Importantly, Charlotte Catholic discourages teachers of secular subjects from instructing students on any sort of religious subject. The school asks that teachers who teach secular subjects refrain from instructing students on Catholic Doctrine. Secular teachers do not have to undergo religious training, do not have to be Catholic, and do not have to be Christian. The administration at Charlotte Catholic does not know the percentage of teachers at the school who are Catholic and does not ask if candidates are Catholic
during job interviews.  [Citations omitted].

Apparently the School also knew that the teacher was gay when he was first interviewed but hired him anyway. 

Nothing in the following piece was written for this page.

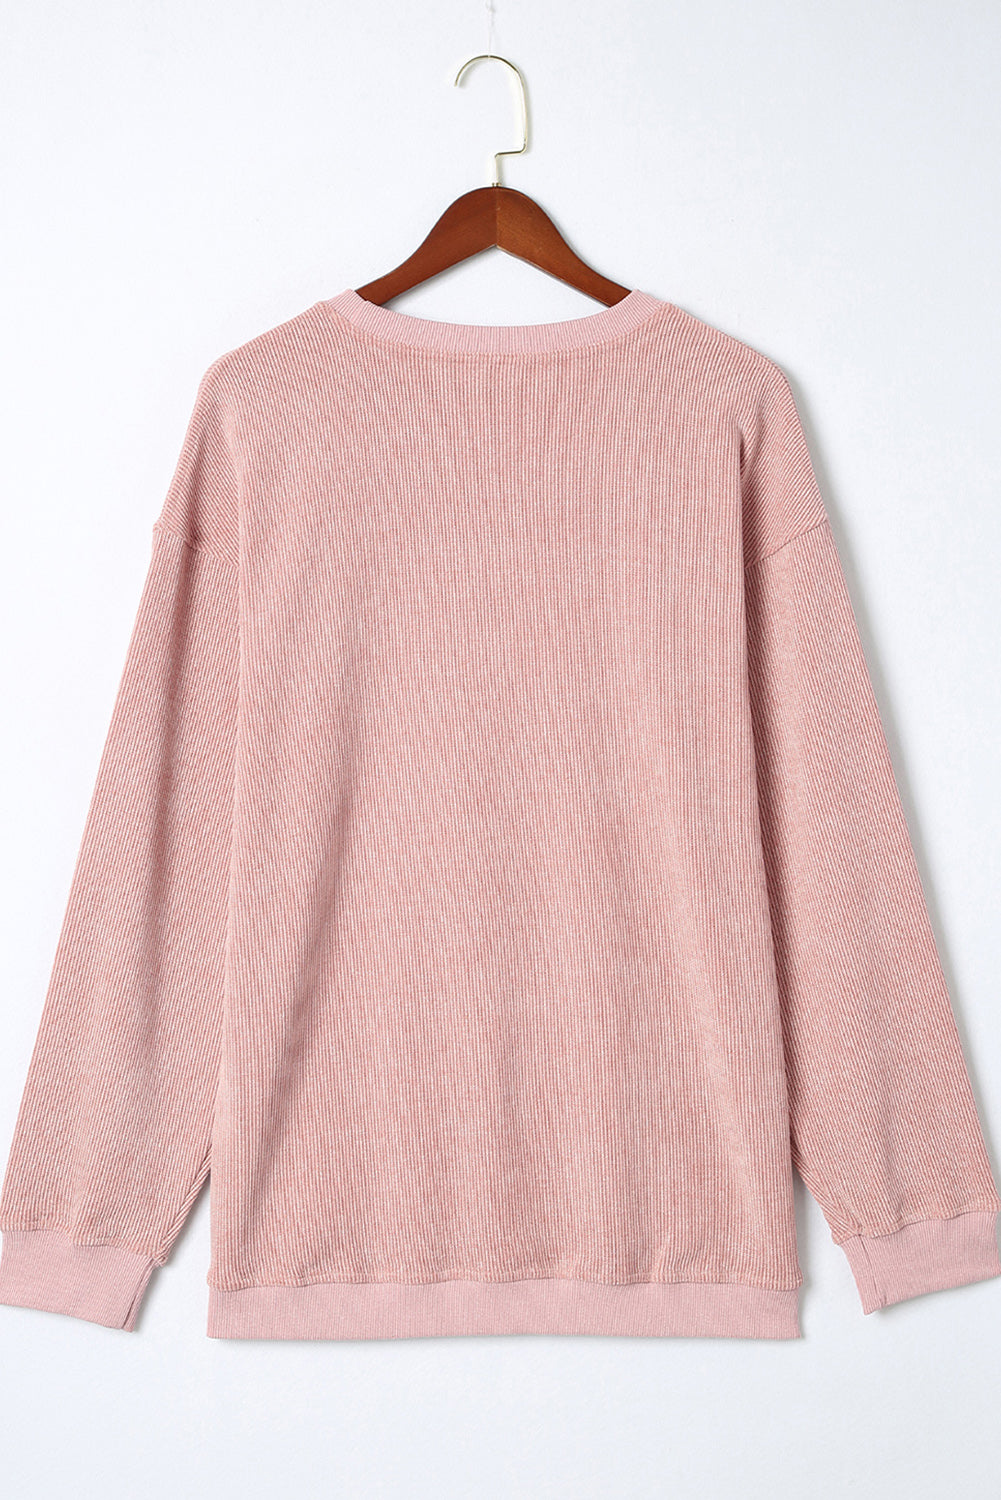 Pink MERRY Christmas Plaid Leopard Print Corded Sweatshirt

  • "Is It Racist To 'Call A Spade A Spade'?"--NPR. This expression, meaning "tell it like it is," goes back at least 500 years in the English language and is, itself, derived from a much older expression from Classical Greece. The "spade" referenced is, of course, the garden implement. In the 1920s, based on the playing card suit being black, "spade" began to be used to refer to blacks. The author of this 2013 piece, however, suggests that because of the racial "spade" reference (referring to the deck of cards) we should be careful of using the expression "call a spade a spade" (referring to a digging tool) because some ignoramuses (e.g., Ivy League graduates who probably couldn't tell you the difference between a spade and a hoe) might interpret it as racist. We probably also want to jettison the expression, "a tough row to hoe" because it might insult sex workers.
  • "'Catastrophic' supervolcano eruption could be much more likely than previously thought, scientists warn"--Sky News (h/t Marcus Wynne).  The gist is: "Existing knowledge about the likelihood of eruptions is based on the presence of liquid magma under a volcano, but new research warns 'eruptions can occur even if no liquid magma is found'." We should be more worried about more frequent, less powerful volcanoes that have the ability to temporarily alter the climate. For instance, in the 19th Century, there was one eruption with a Volcanic Explosivity Index (VEI) of 7 -- the Mt. Tambora eruption of 1815 that caused "the year without a summer" in 1816 -- and two eruptions with a VEI of 6 -- an 1808 "mystery eruption" which is believed to have occurred in the South Pacific, and the Krakatoa explosion of 1883. Conversely, there were no VEI 7 eruptions in the 20th Century, but three VEI 6 eruptions. It isn't just how powerful the volcano is, but also where the eruption occurs that can be important. For instance, the June 1783 and February 1784 eruptions of the Laki volcano in Iceland disrupted food production on a global scale although it appears to have only been a VEI 4 eruption. By comparison, the largest 20th Century eruption was that of Novarupta, Alaska, in 1912 (VIE 6) that apparently had little or no effect globally.
  • It wasn't that long ago that a video went viral of a deer rushing out of the brush to attack and kill a hawk that had caught a rabbit, and now this: "Butt out! Moment goat and rooster rush to save chicken from hawk attack"--Daily Mail. Reminds of the line from Pink Floyd's song, Sheep: "Bleating and babbling we fell on his neck with a scream...." 

1 comment:

  1. Well, calling a thing what it is flies in the face of all Leftist thought.

    China/food article is very good.